Work item —
Omit every picture. Return all other data as it stands.

Information supplied —
===============
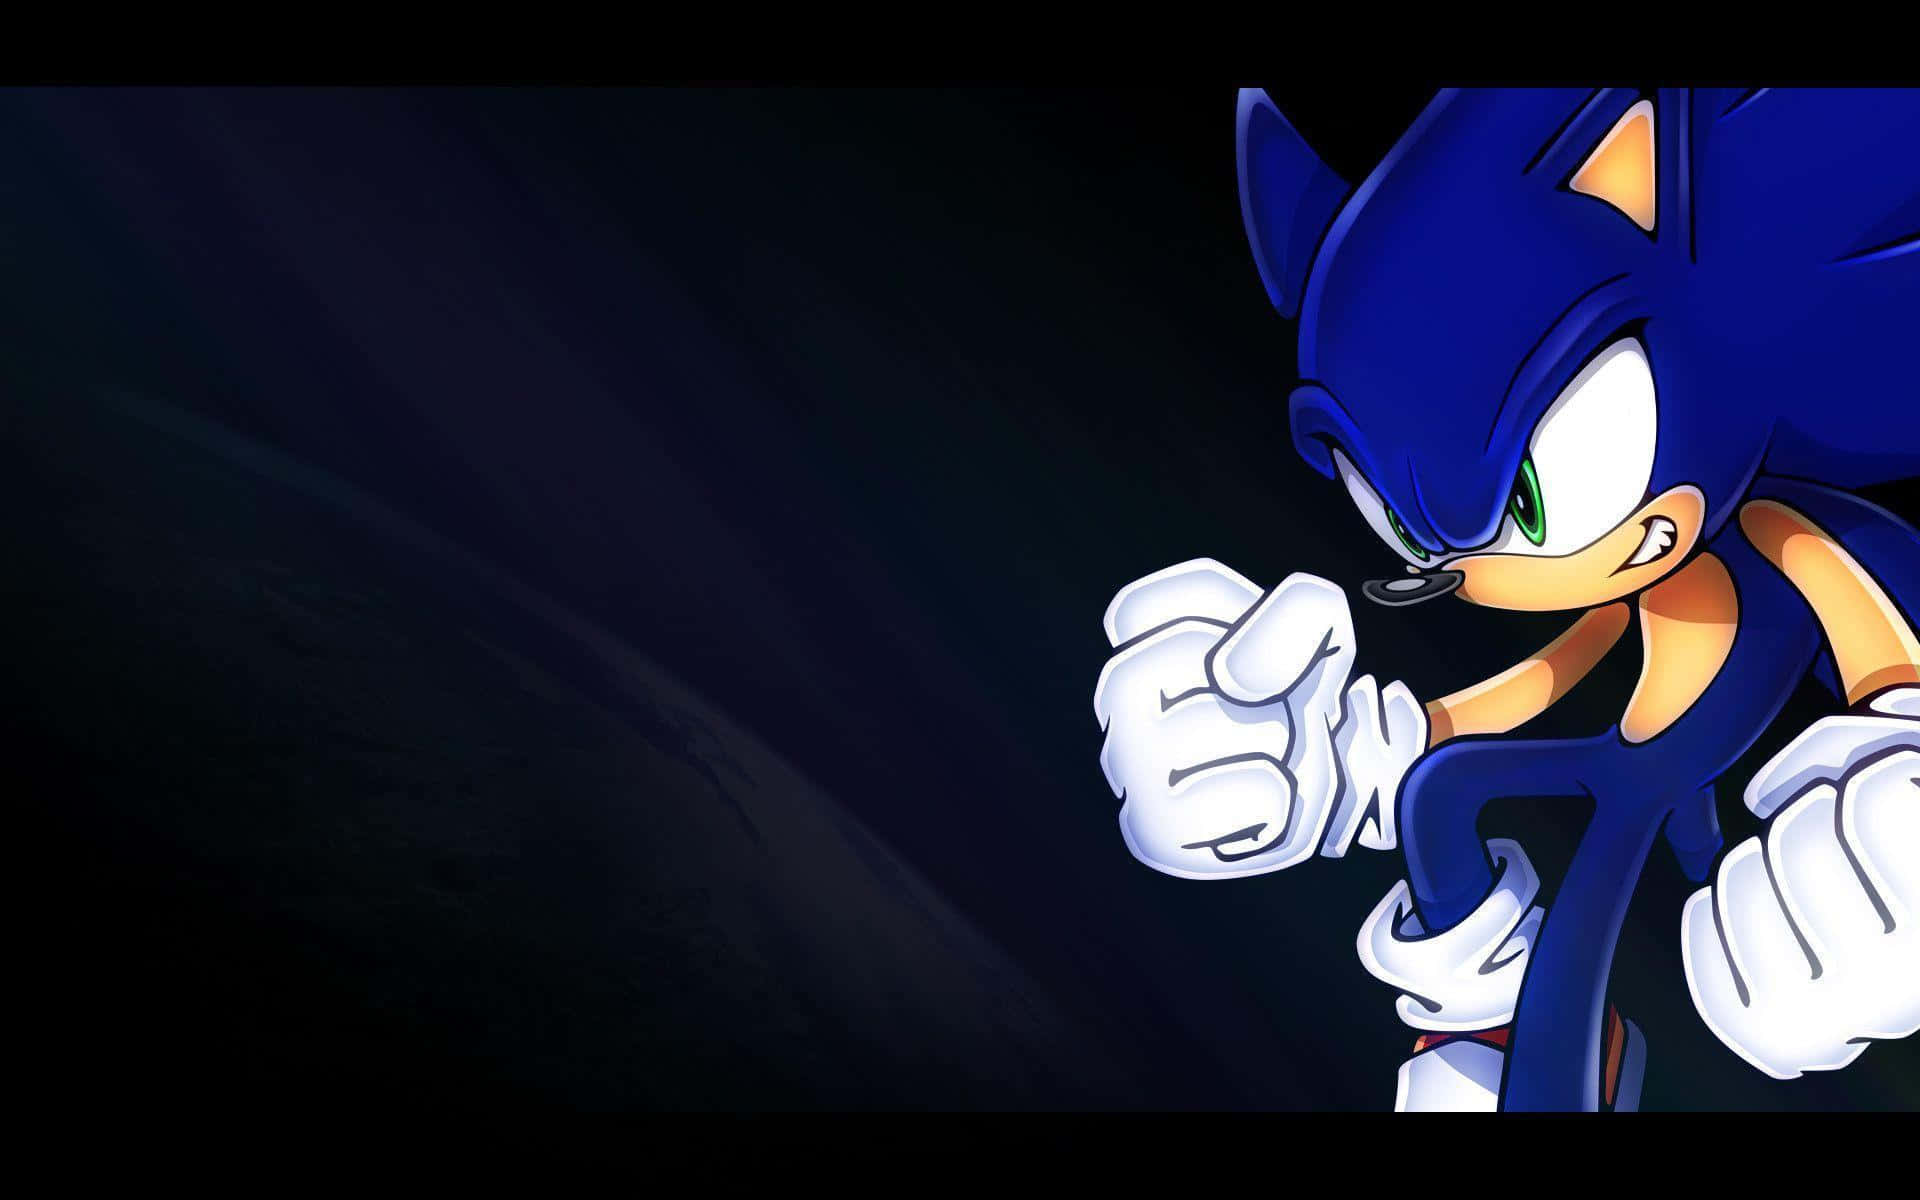 Sonicthe Hedgehog Susar Genom De Levande Färgerna I En Pixlad Landskap.
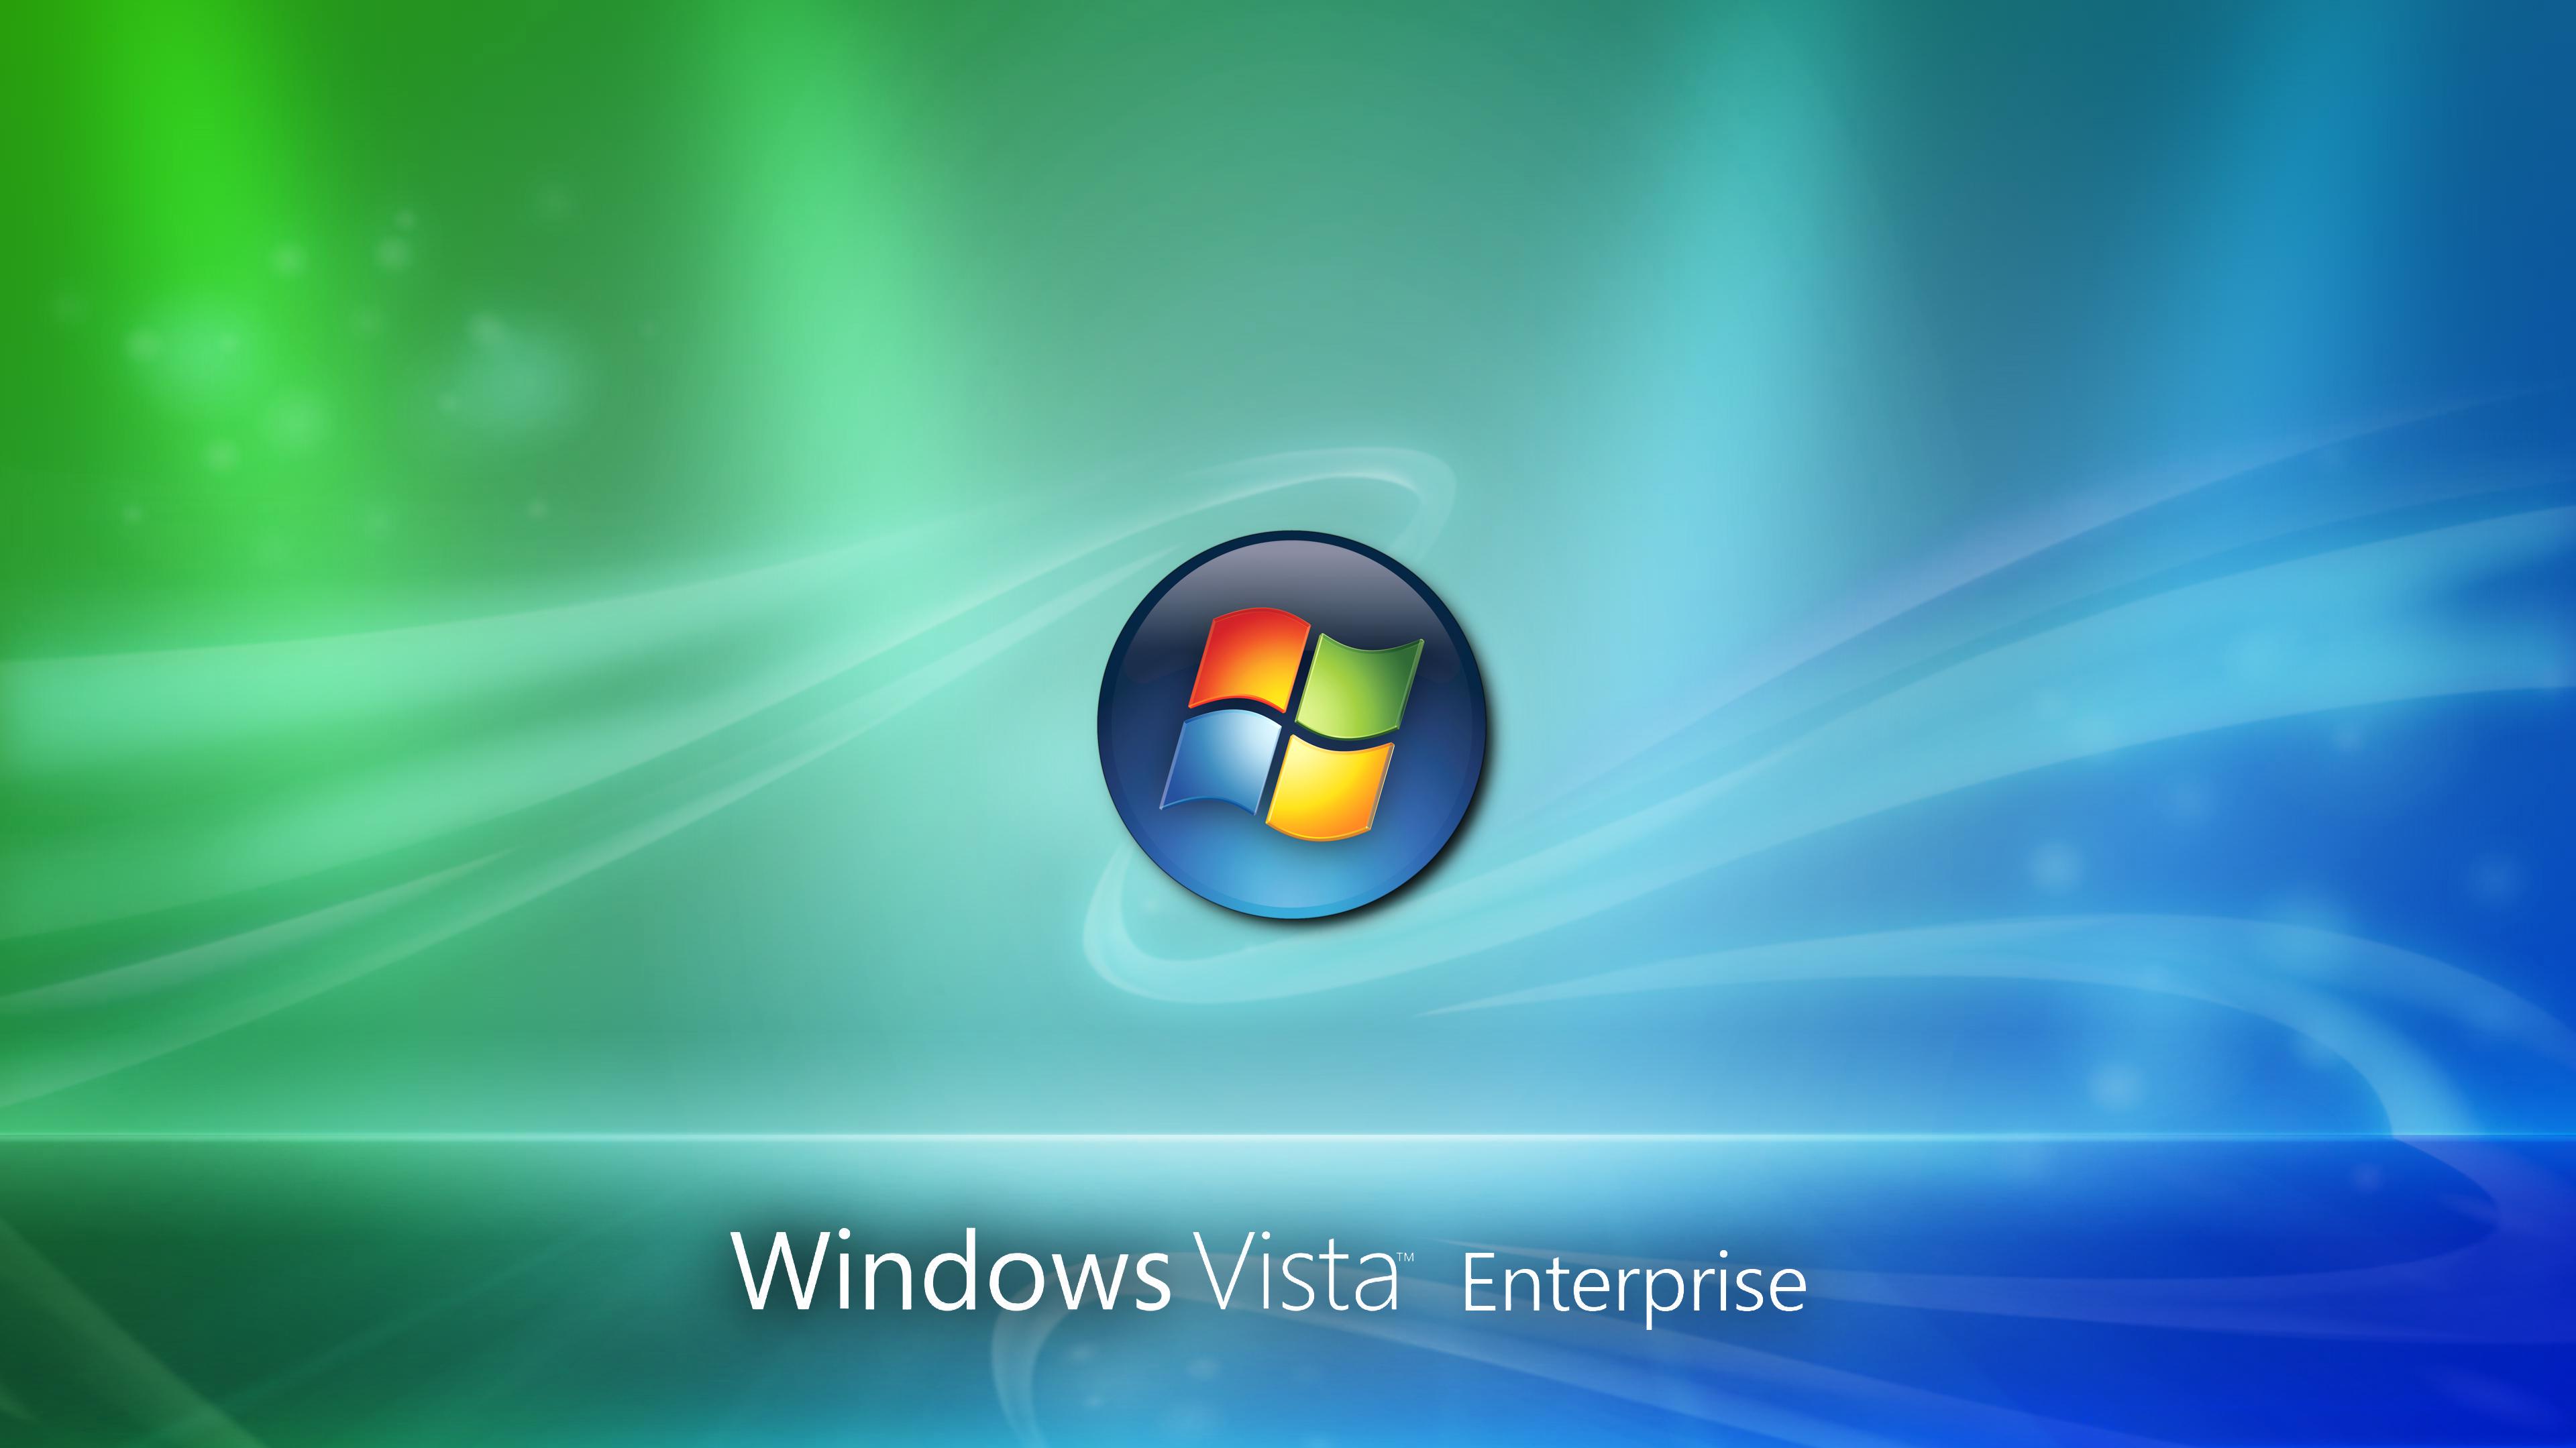 4k Windows Vista Enterprise Wallpaper By Unix1234567890
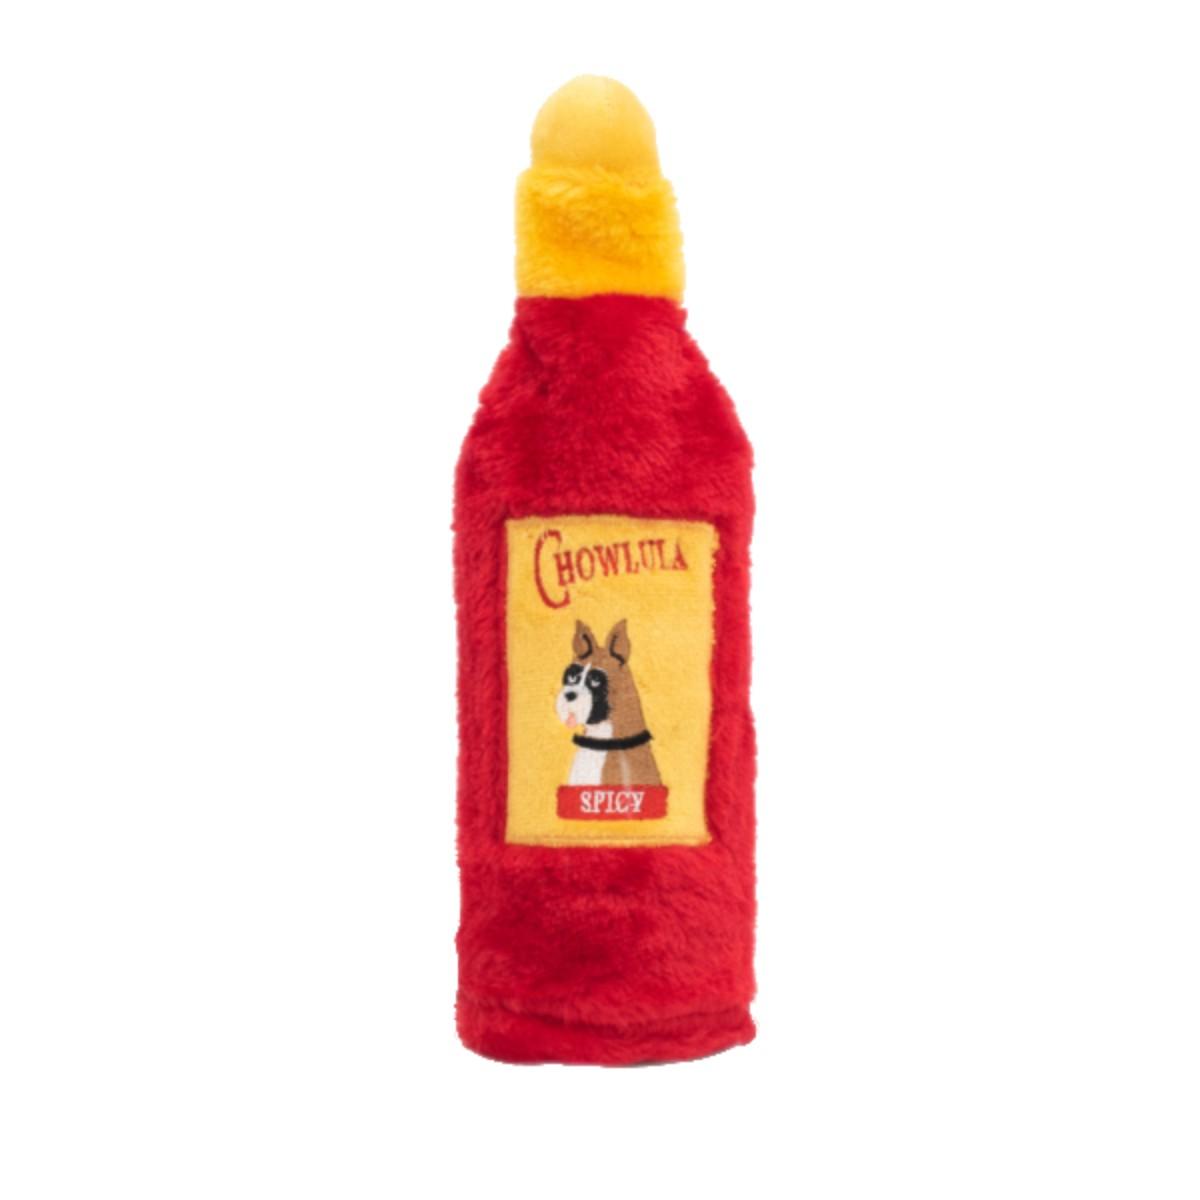 ZippyPaws Hot Sauce Crusherz Dog Toy - Chowlula
===============
Response to the exercise —
 Sonicthe Hedgehog Susar Genom De Levande Färgerna I En Pixlad Landskap.
 4k Windows Vista Enterprise Wallpaper By Unix1234567890
 ZippyPaws Hot Sauce Crusherz Dog Toy - Chowlula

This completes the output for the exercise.